**Exercise instructions:** Where a picture appears in the data below, exclude it; restate everything else word for word.

**Given information:**

◆ ◆ ◆

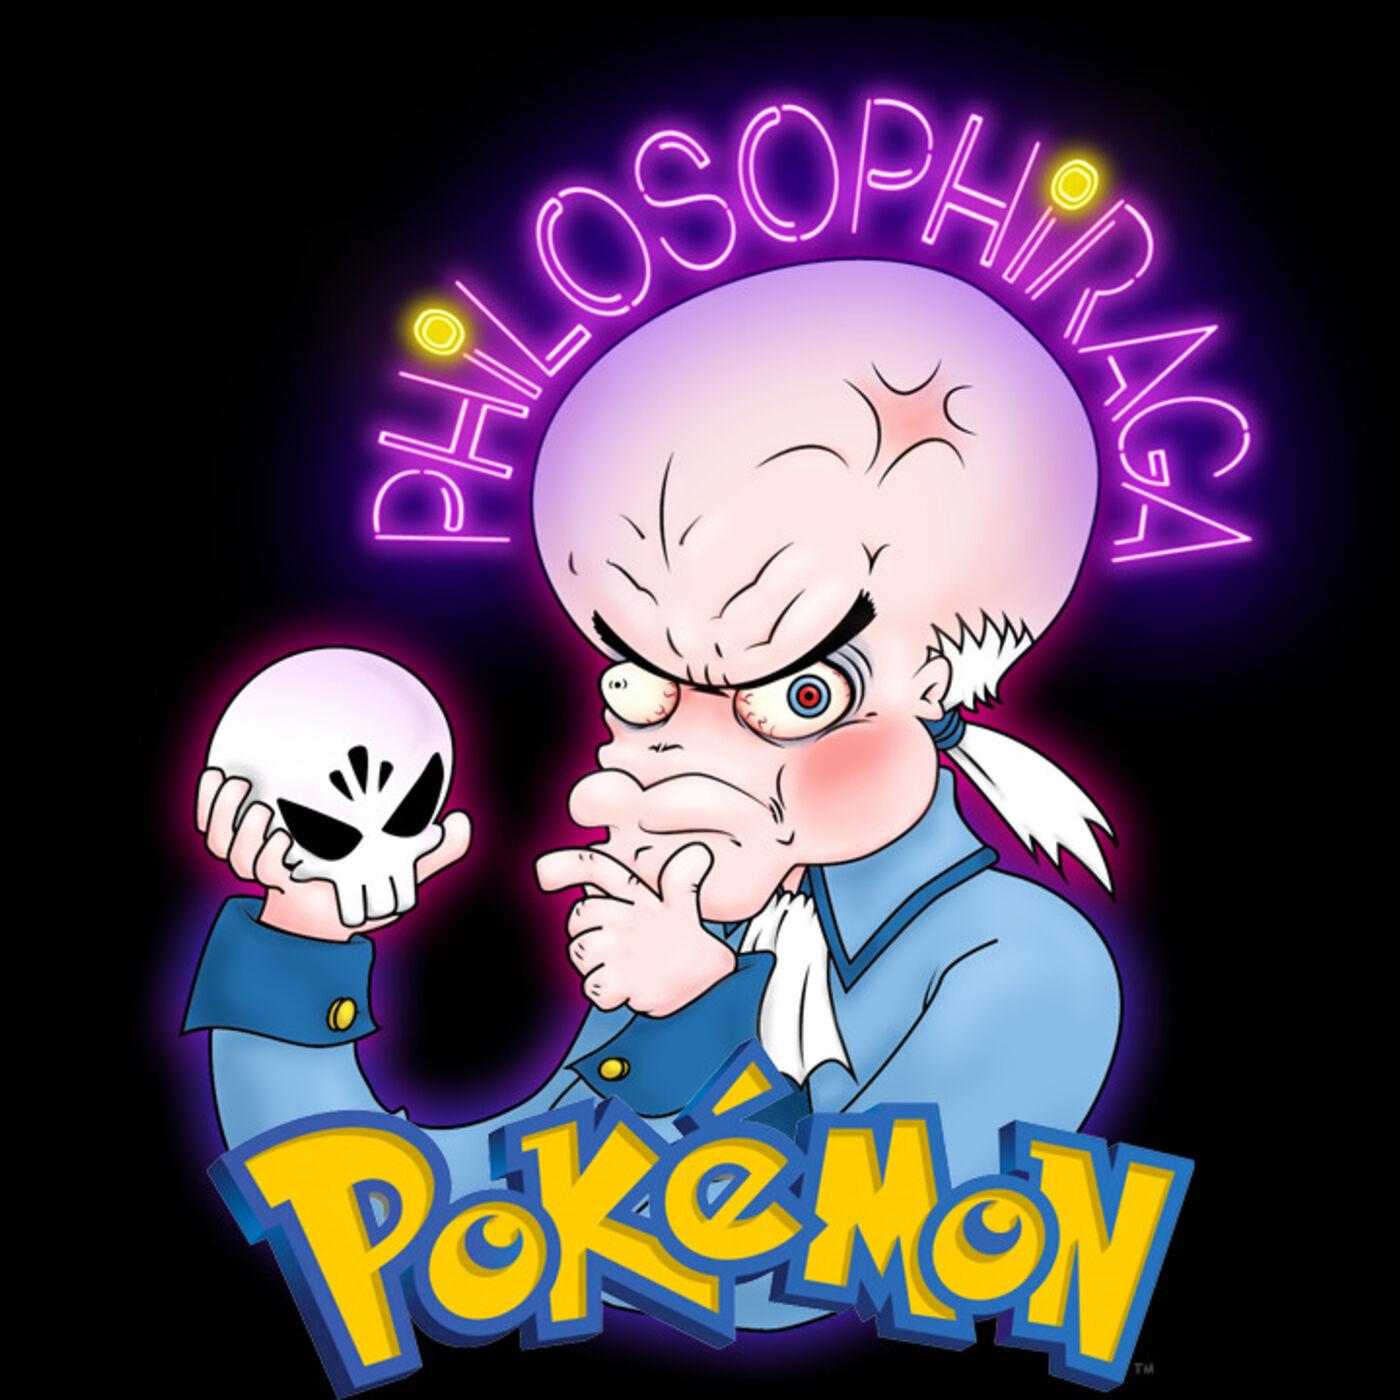 M2E1: It's Super Effective! (Pokémon and Justified True Belief)
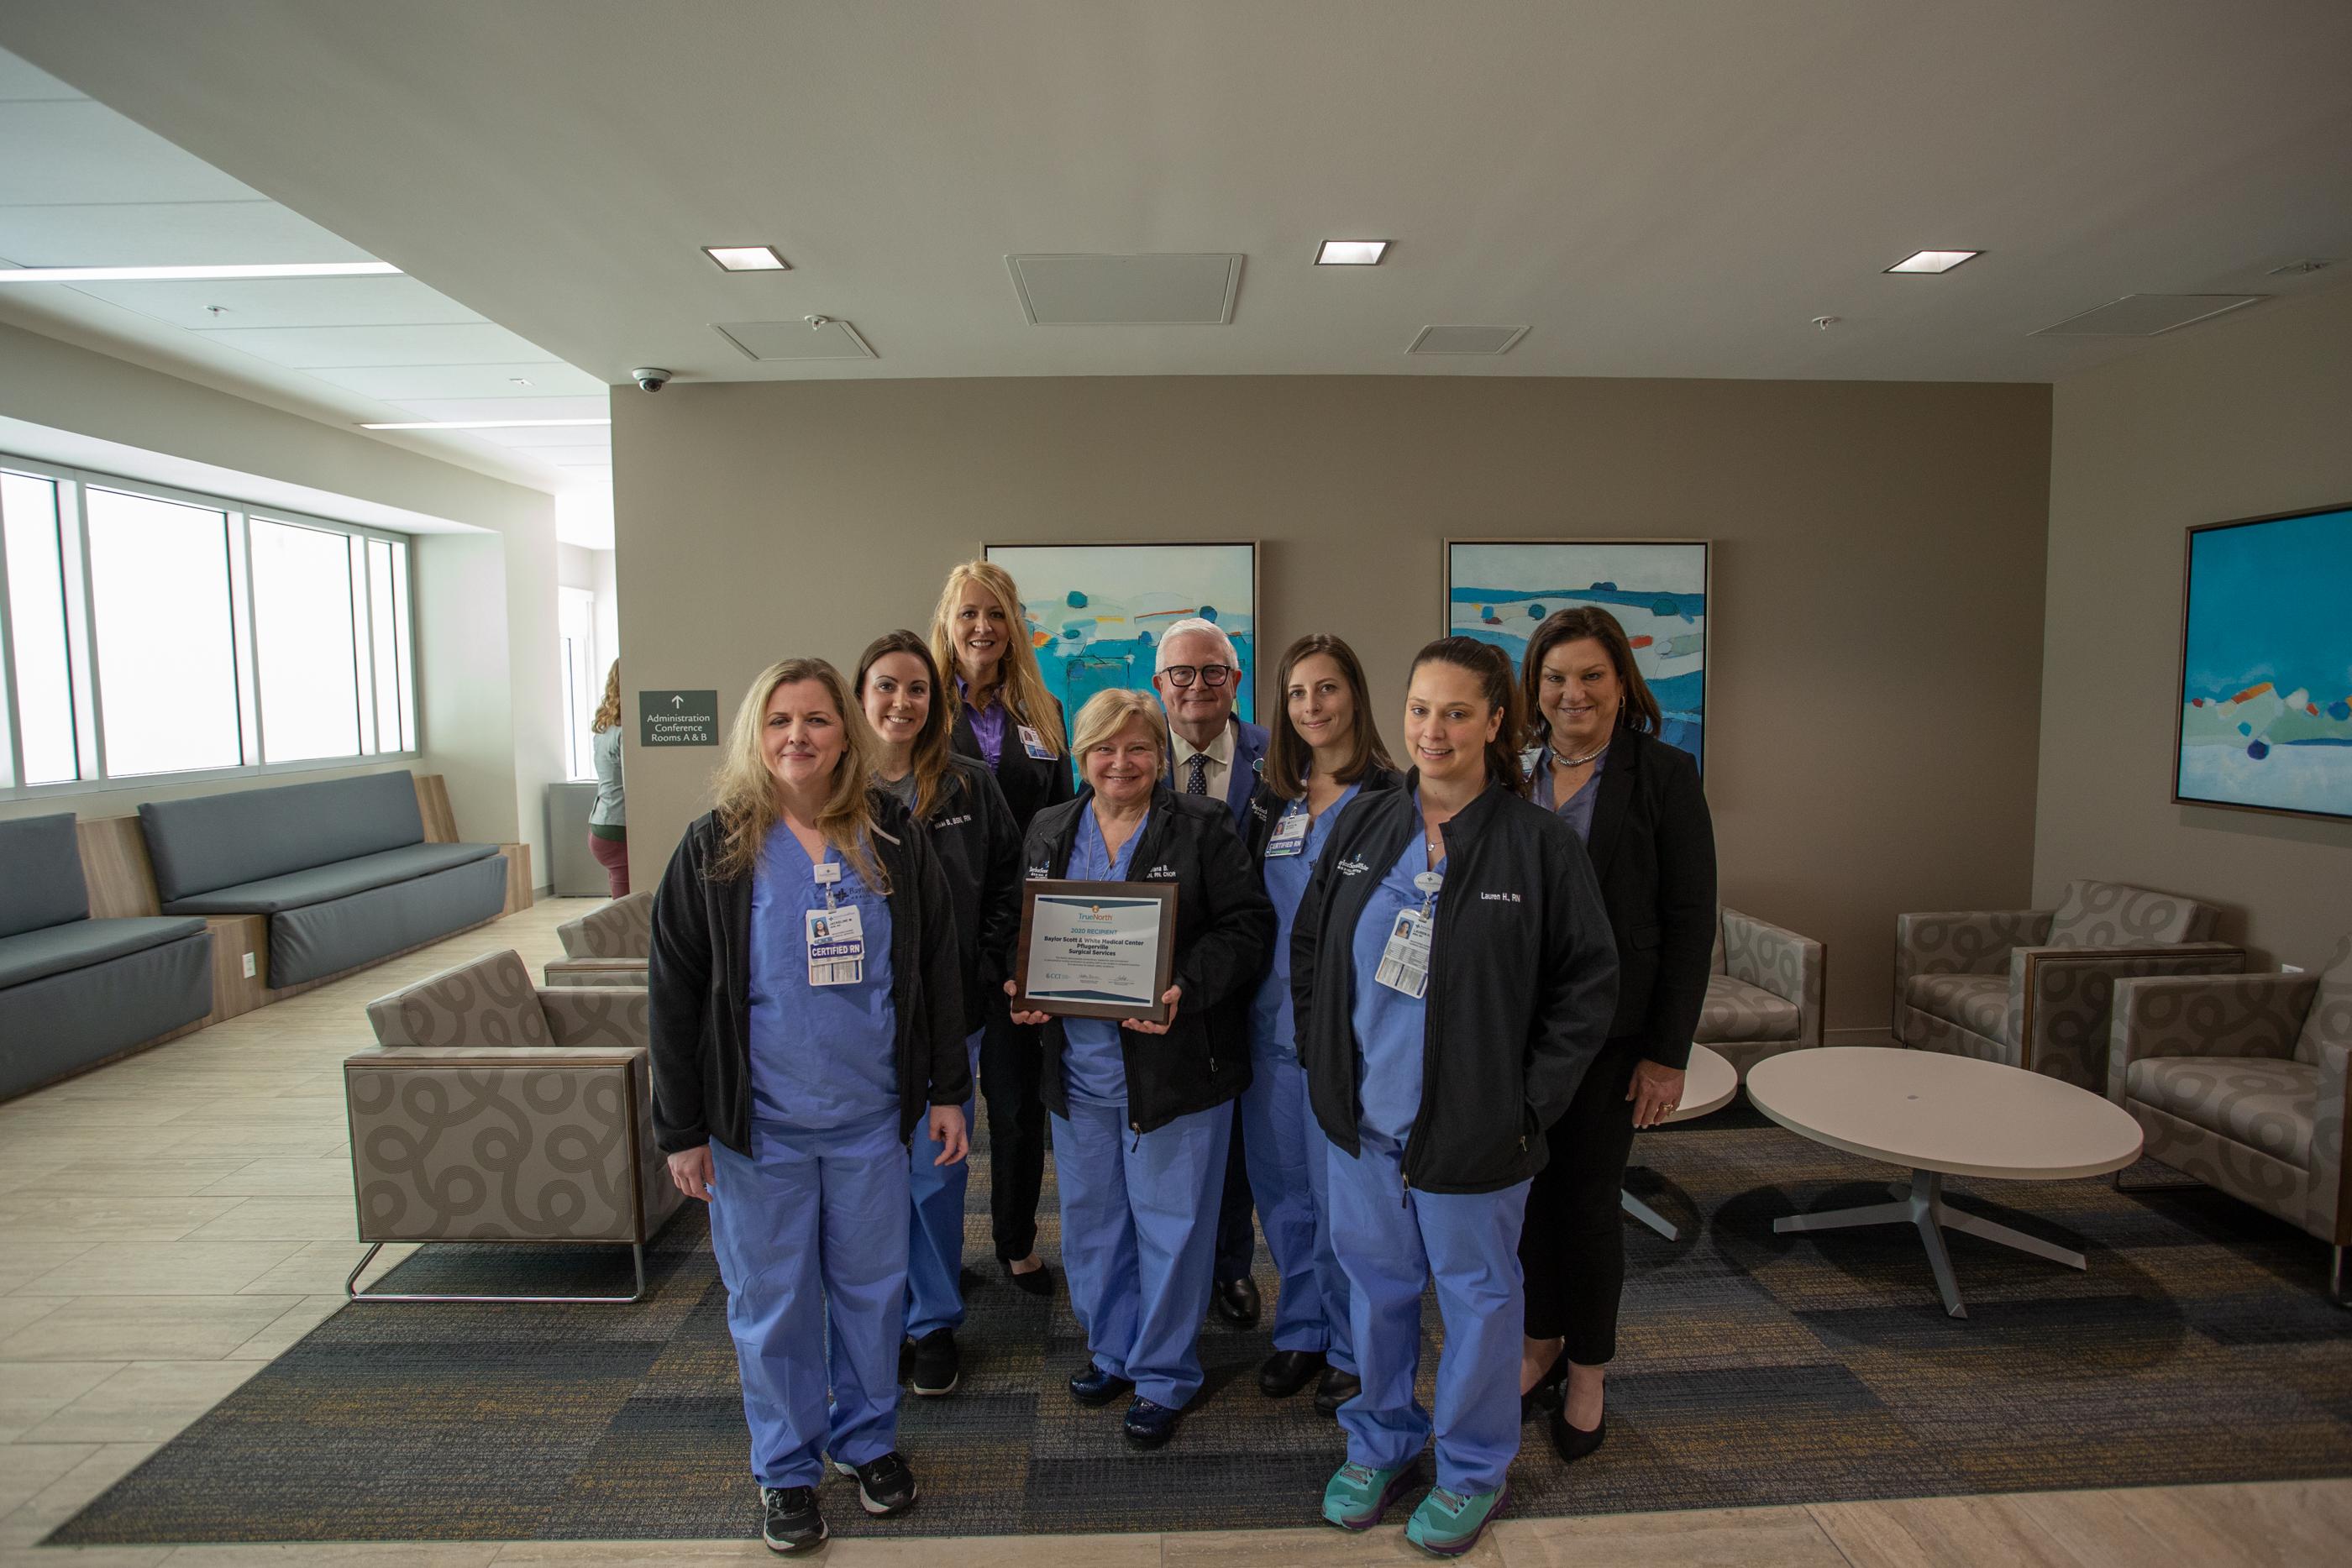 TrueNorth Winner 2020: Baylor Scott & White Medical Center - Pflugerville
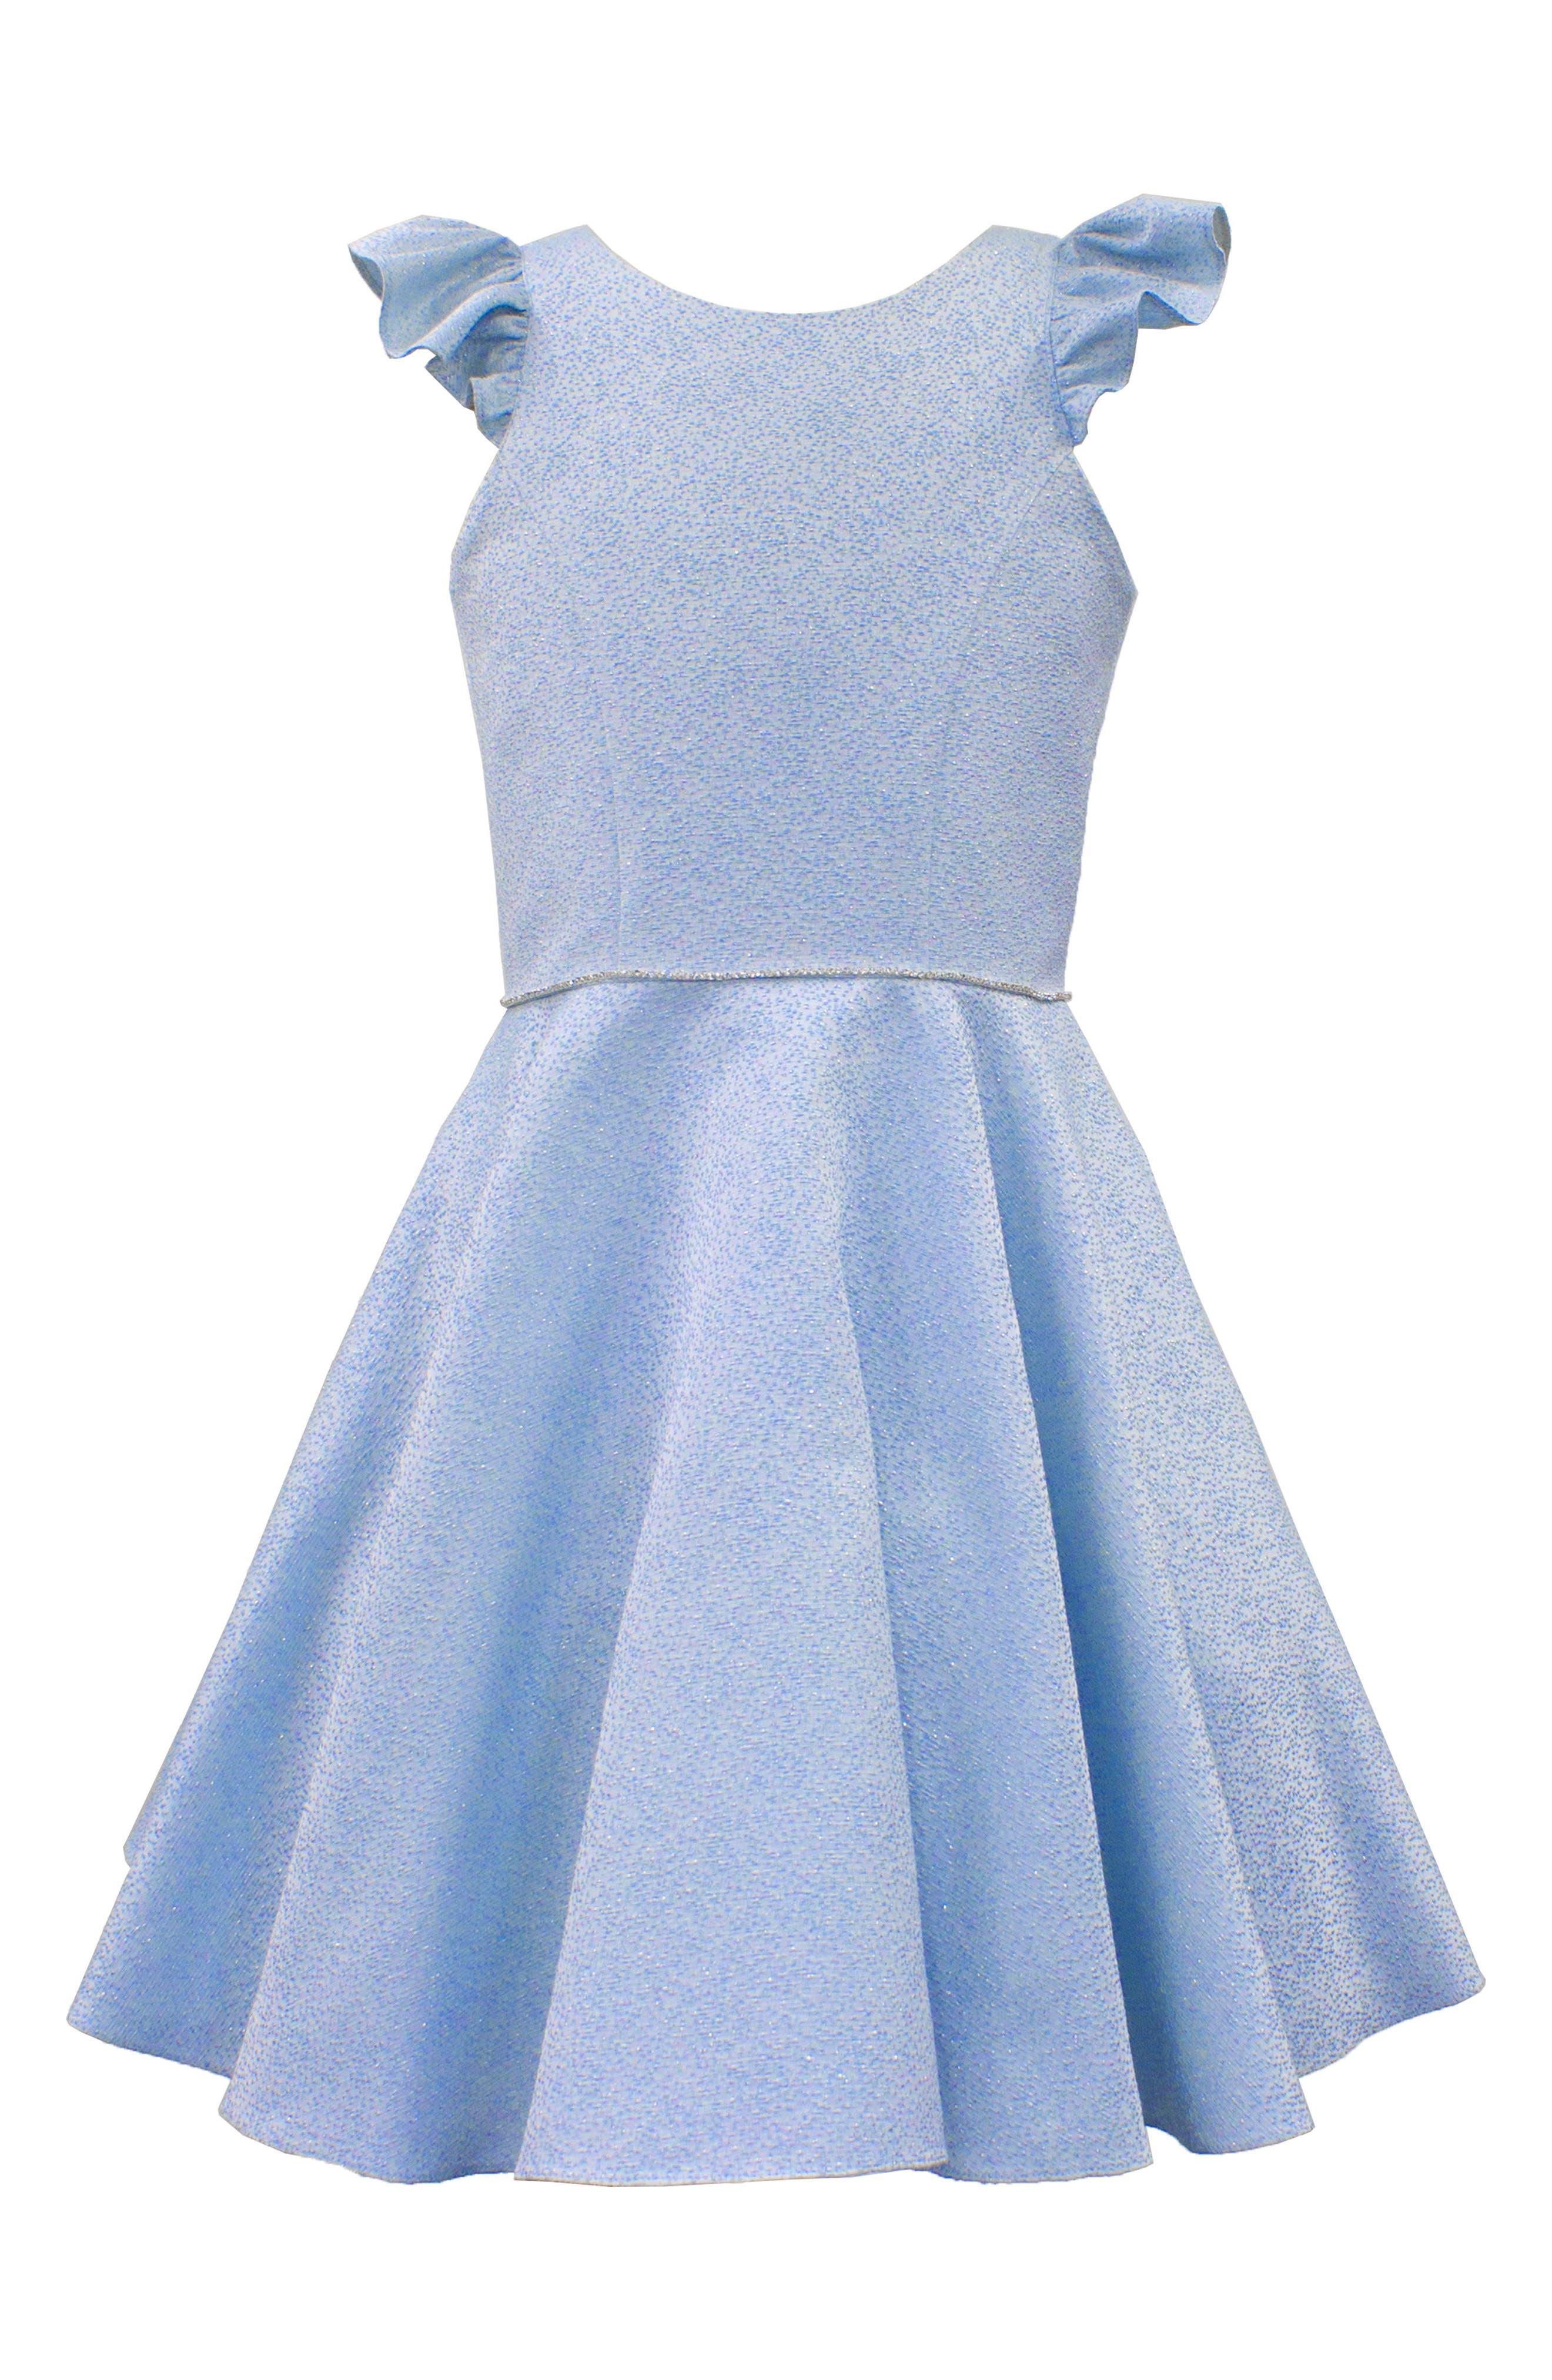 Main Image - David Charles Flutter Sleeve Dress (Big Girls)

◆ ◆ ◆

**Output of the task:**
 M2E1: It's Super Effective! (Pokémon and Justified True Belief)
 TrueNorth Winner 2020: Baylor Scott & White Medical Center - Pflugerville
 Main Image - David Charles Flutter Sleeve Dress (Big Girls)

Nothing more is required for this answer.